• **AVAILABLE DATA**
________________________
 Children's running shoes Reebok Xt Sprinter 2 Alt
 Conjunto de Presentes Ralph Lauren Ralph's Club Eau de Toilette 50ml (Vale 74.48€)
________________________
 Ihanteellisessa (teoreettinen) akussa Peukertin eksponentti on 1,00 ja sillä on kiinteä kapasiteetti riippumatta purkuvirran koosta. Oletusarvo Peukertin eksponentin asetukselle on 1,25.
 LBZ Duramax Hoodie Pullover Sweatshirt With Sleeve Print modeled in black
________________________
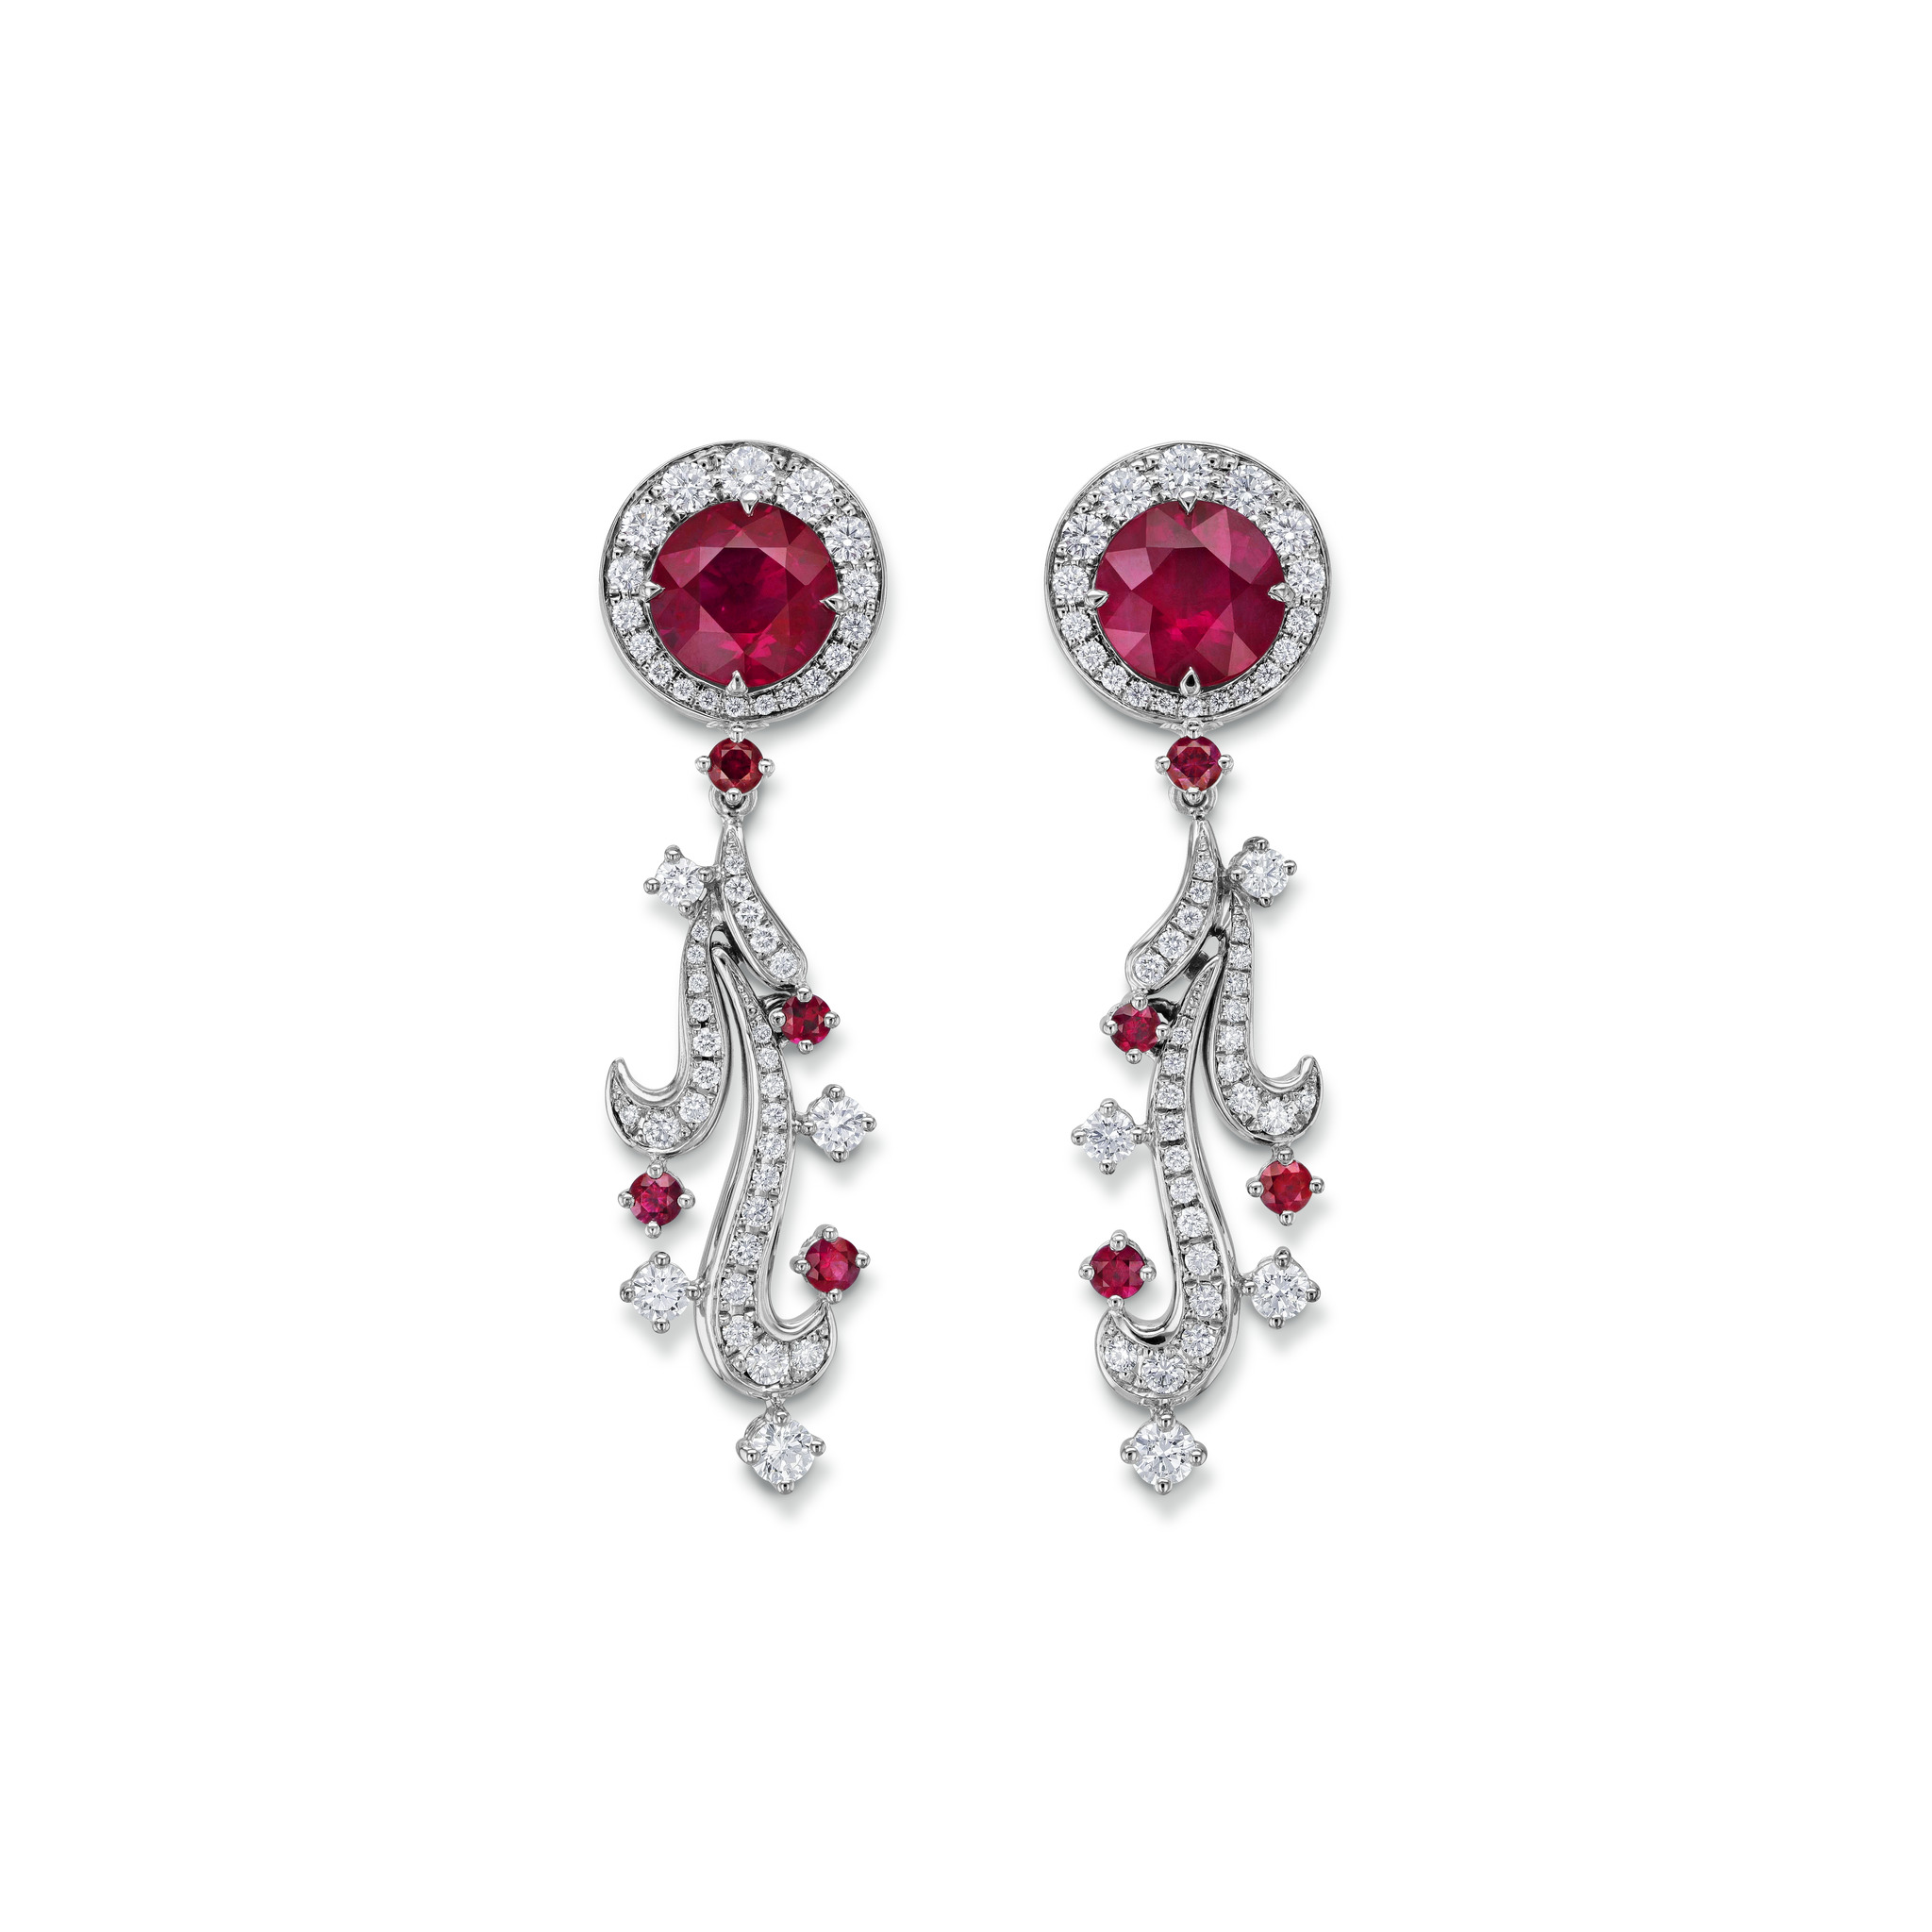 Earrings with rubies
________________________
Starting at the line with "Children's running shoes" and ending at the line with "Conjunto de Presentes", print each line of the listing above exactly, with no other lines.

 Children's running shoes Reebok Xt Sprinter 2 Alt
 Conjunto de Presentes Ralph Lauren Ralph's Club Eau de Toilette 50ml (Vale 74.48€)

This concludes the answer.